First Author  Wang W Year  2007
Journal  Am J Physiol Renal Physiol Volume  293
Issue  4 Pages  F1131-6
PubMed ID  17652370 Mgi Jnum  J:145129
Mgi Id  MGI:3833534 Doi  10.1152/ajprenal.00212.2007
Citation  Wang W, et al. (2007) Prostacyclin in endotoxemia-induced acute kidney injury: cyclooxygenase inhibition and renal prostacyclin synthase transgenic mice. Am J Physiol Renal Physiol 293(4):F1131-6
abstractText  Sepsis-related acute kidney injury (AKI) is the leading cause of AKI in intensive care units. Endotoxin is a primary initiator of inflammatory and hemodynamic consequences of sepsis and is associated with experimental AKI. The present study was undertaken to further examine the role of the endothelium, specifically prostacyclin (PGI(2)), in the pathogenesis of endotoxemia-related AKI. A low dose of endotoxin (LPS, 1 mg/kg) in wild-type (WT) mice was associated with stable glomerular filtration rate (GFR) (164.0 +/- 16.7 vs. 173.3 +/- 6.7 microl/min, P = not significant) as urinary excretion of 6-keto-PGF(1alpha), the major metabolite of PGI(2), increased. When cyclooxygenase inhibition with indomethacin abolished this rise in 6-keto-PGF(1alpha), the same low dose of LPS significantly decreased GFR (110.7 +/- 12.1 vs. 173.3 +/- 6.7 microl/min, P < 0.05). The same dose of indomethacin did not alter GFR in WT mice. To further study the role of PGI(2) in endotoxemia, renal-specific PGI synthase (PGIs) transgenic (Tg) mice were developed that had increased PGIs expression only in the kidney and increased urinary 6-keto-PGF(1alpha).
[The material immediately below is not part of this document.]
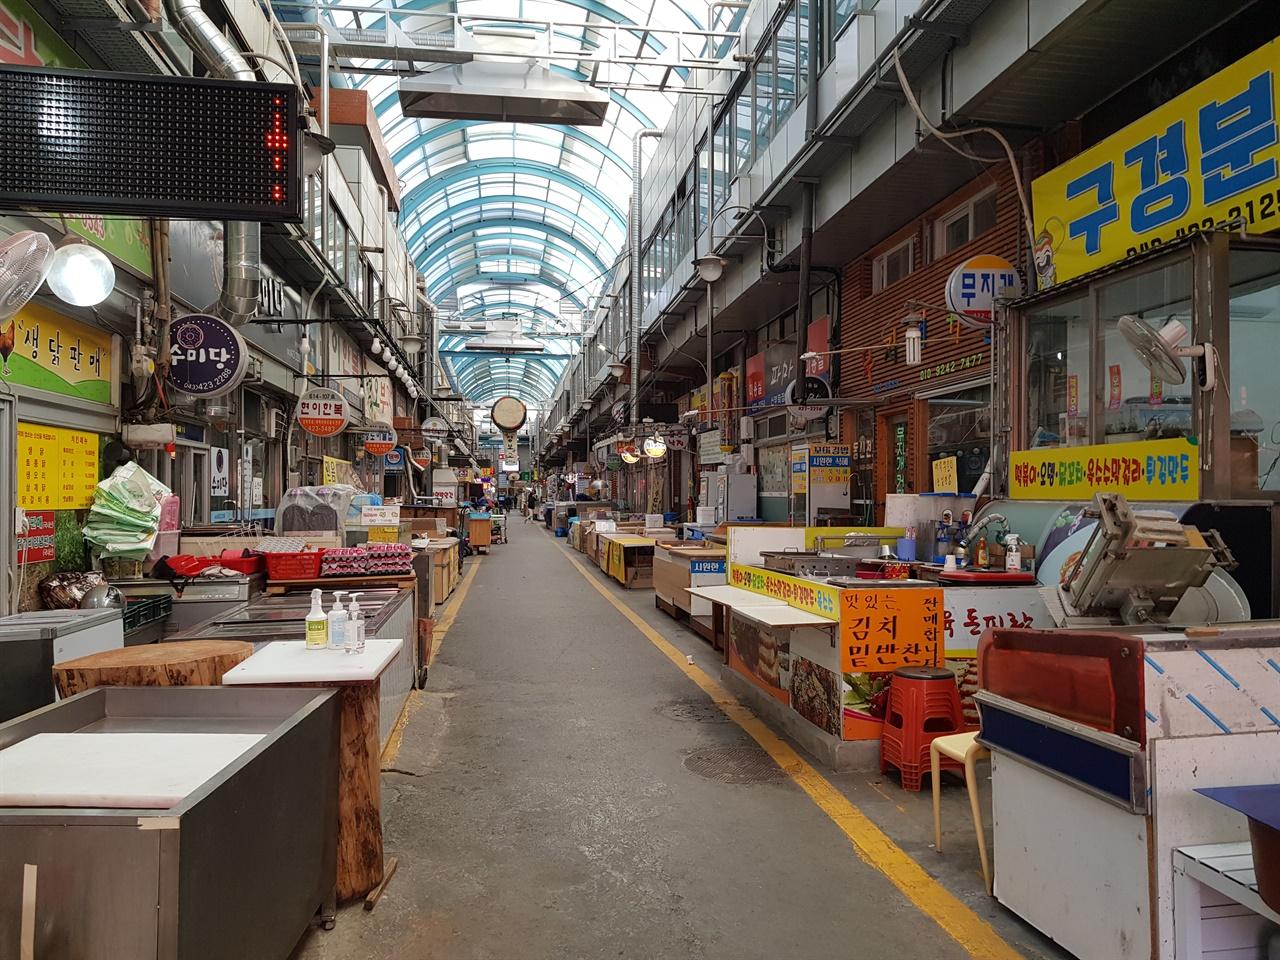 단양구경시장 주말이면 관광객들로 붐비던 구경시장에는 상인들도 가게 밖으로 나오지 않고 썰렁한 모습을 보이고 있다.

These Tg mice, however, demonstrated endotoxemia-related AKI with low-dose LPS (1 mg/kg) (GFR: 12.6 +/- 3.9 vs. 196.5 +/- 21.0 microl/min P < 0.01), which did not alter GFR in WT mice (164.0 +/- 16.7 vs. 173.3 +/- 6.7 microl/min, P = not significant). An elevation in renal cAMP, however, suggested an activation of the PGI(2)-cAMP-renin system in these Tg mice. Moreover, angiotensin-converting enzyme inhibition afforded protection against endotoxin-related AKI in these Tg mice. Thus endothelial PGIs-mediated PGI(2), as previously shown with endothelial nitric oxide synthase-mediated nitric oxide, contributes to renal protection against endotoxemia-related AKI. This effect may be overridden by excessive activation of the renin-angiotensin system in renal-specific PGIs Tg mice.